Know What Tax Relief Is Available If You’re Affected

When a disaster is declared a federal disaster, the IRS typically extends filing and payment deadlines for affected taxpayers automatically — you don’t need to call or apply. To check whether your area qualifies and what relief is available, visit the Around the Nation page on IRS.gov and select your state.

Make the Call

For questions about disaster-related tax issues, the IRS operates a Special Services Hotline at 866-562-5227, staffed by specialists who handle exactly these situations.

More detailed guidance on what qualifies as a deductible casualty loss — and how to calculate it — is in IRS Publication 547, Casualties, Disasters and Thefts. The rules around casualty losses have changed over the years, so it’s worth reviewing current law rather than relying on older guidance. Under current rules, personal casualty losses are generally only deductible if they occur in a federally declared disaster area, which is a stricter standard than many people expect.

Where a CPA Fits In

The tax side of disaster recovery is more complicated than it looks. Calculating a casualty loss correctly, coordinating with insurance reimbursements, understanding how relief payments are treated as income, and timing deductions across tax years all require careful analysis.

If you’re affected by a disaster and have questions about what you can claim — or if you want to make sure your records are in the kind of order that makes a future claim straightforward — the team at TYS is here to help. Planning ahead costs much less than reconstructing things under pressure.

Contact TYS Advisors in Rochester, NY or Walnut Creek, CA to discuss your situation.

Frequently Asked Questions

Q. Do I have to live in a hurricane-prone area for this to matter? 

  1. No. Federally declared disasters include floods, wildfires, tornadoes, ice storms, and other events that occur across the country. The Rochester area has experienced significant flooding and severe weather events that have triggered disaster relief. These steps are relevant regardless of where you live.

Q. What does it mean for an area to be a “federally declared disaster area”? 

  1. When a disaster is severe enough, the President can issue a federal disaster declaration for the affected counties. This declaration unlocks IRS tax relief — including automatic filing and payment extensions — and is the threshold that determines whether personal casualty losses are deductible. You can check current declarations and available relief by state at the IRS Around the Nation page.

Q. Can I deduct losses that my insurance already covered? 

  1. No. You can only deduct the portion of a casualty loss that exceeds your insurance reimbursement — and you must reduce your deductible loss by any reimbursement you receive or expect to receive. Claiming a deduction for a loss that insurance already paid is an audit risk. The coordination between your insurance claim and your tax return needs to be handled carefully.

Q. What if I didn’t document my belongings before the disaster? 

  1. You can still file a claim, but it will be harder. After the fact, try to reconstruct records using bank and credit card statements, prior appraisals, photos from social media, and receipts stored in email. The IRS’s disaster loss workbook (Publication 584) can help structure that reconstruction. A CPA can help you build the strongest supportable position from whatever records remain.

Q. Are business losses from a disaster treated the same as personal losses? 

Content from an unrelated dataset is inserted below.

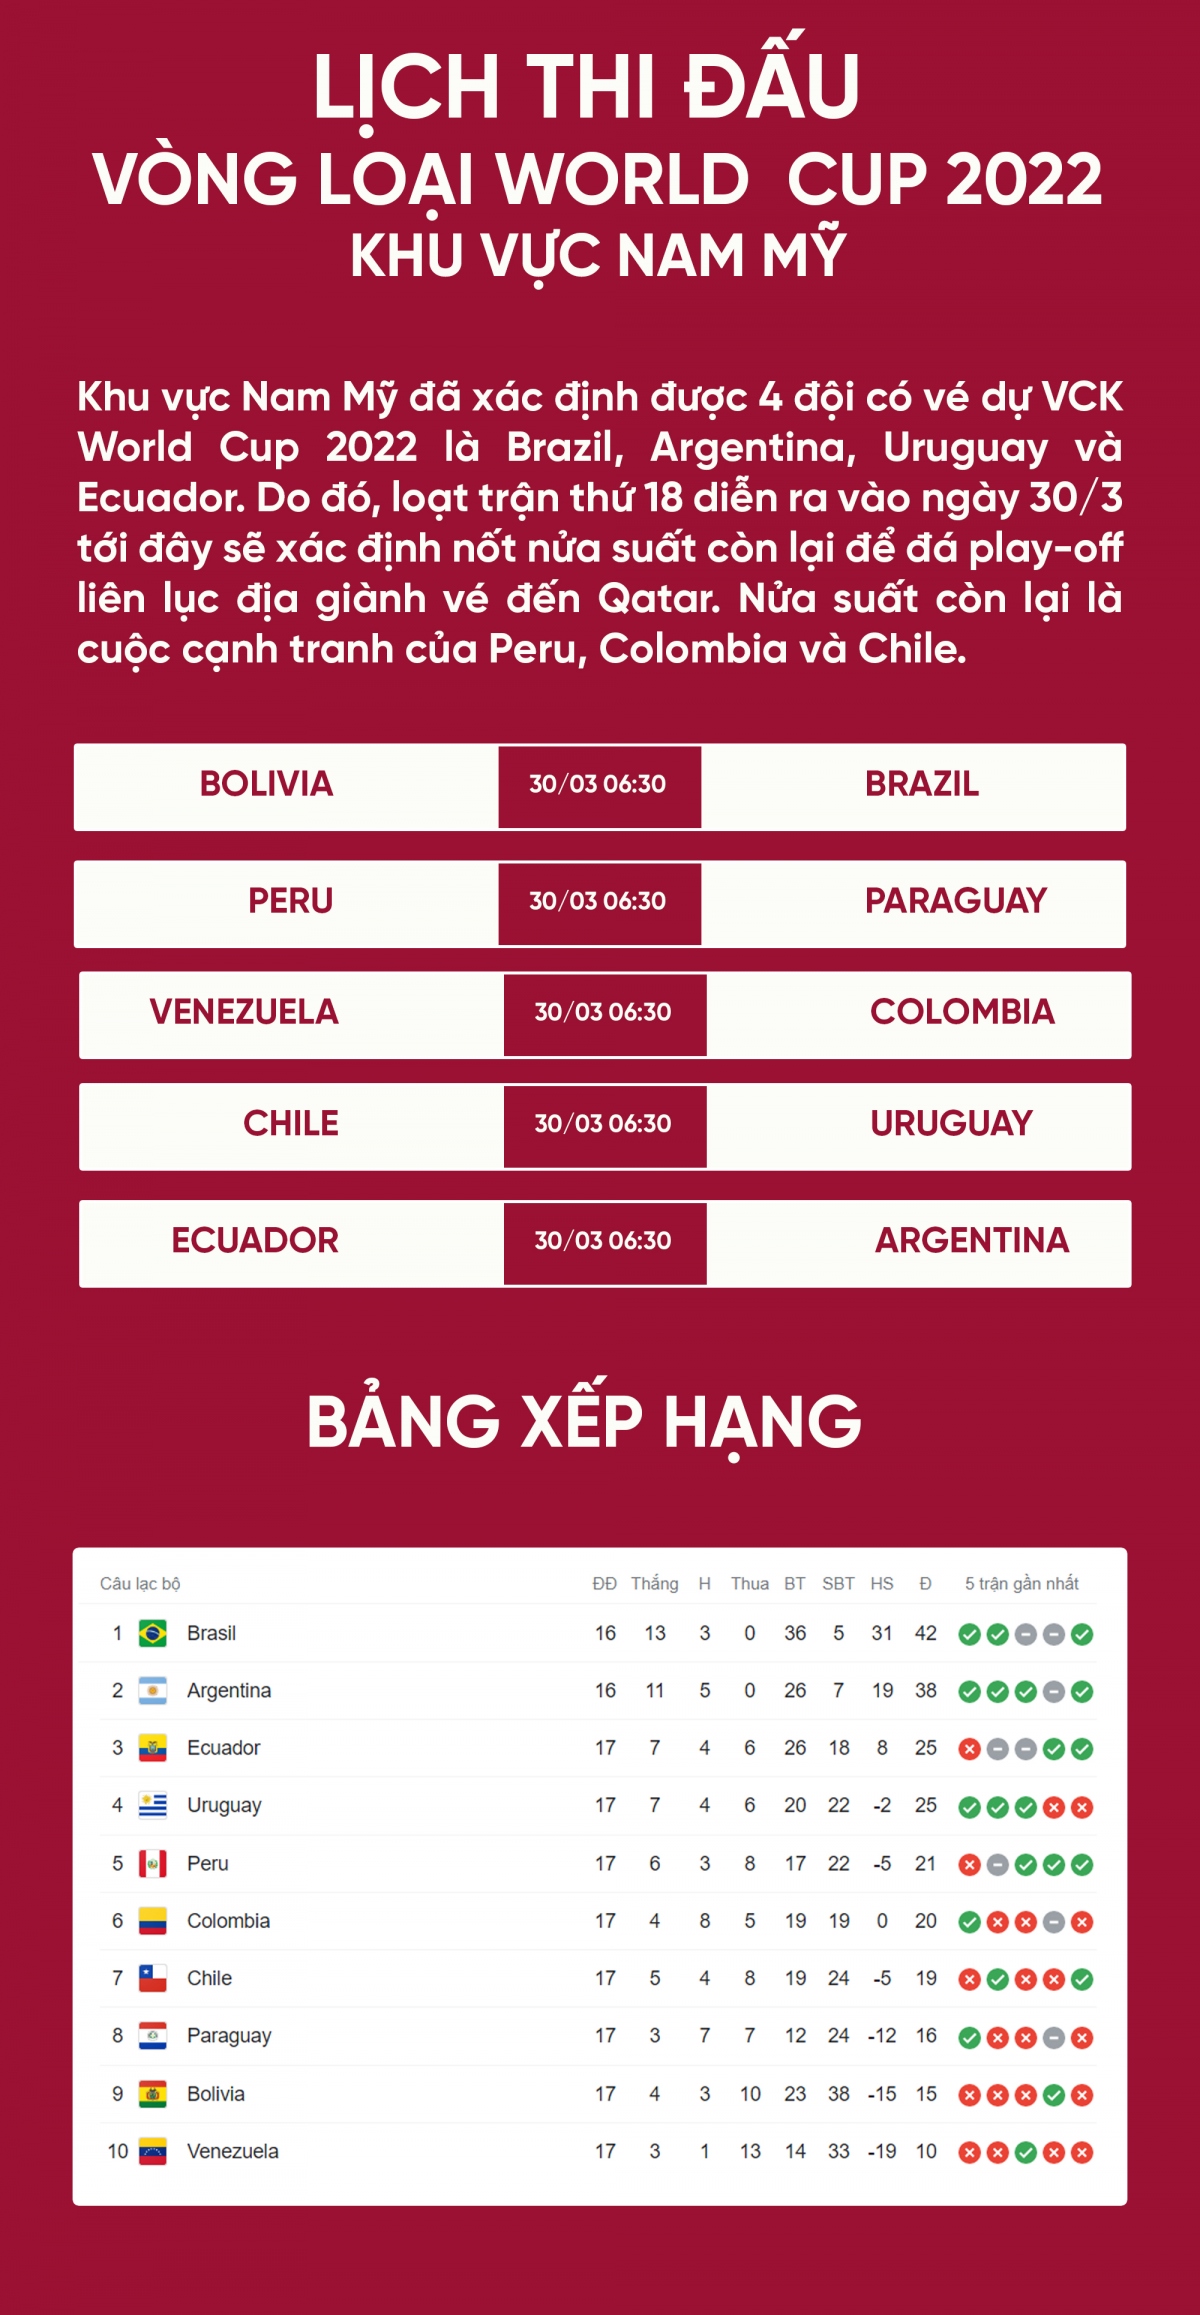 Lịch thi đấu vòng loại World Cup 2022 khu vực Nam Mỹ: Căng như dây ...

  1. Not exactly. Business property losses follow different rules than personal casualty losses. Business losses from a federally declared disaster can be deducted in the year of the loss or, in some cases, on the prior year’s return — which can accelerate a refund when you need cash quickly. The calculation involves adjusted basis, insurance proceeds, and how the property was used, so working through it with a tax advisor is worthwhile.

Is the IRS hotline the right place to call with complex questions? The IRS Special Services Hotline (866-562-5227) is a good resource for confirming your area’s relief status, deadline extensions, and basic eligibility questions. For calculating your actual deduction, understanding how relief payments affect your taxable income, or coordinating across multiple tax years, a CPA is better positioned to give you complete guidance.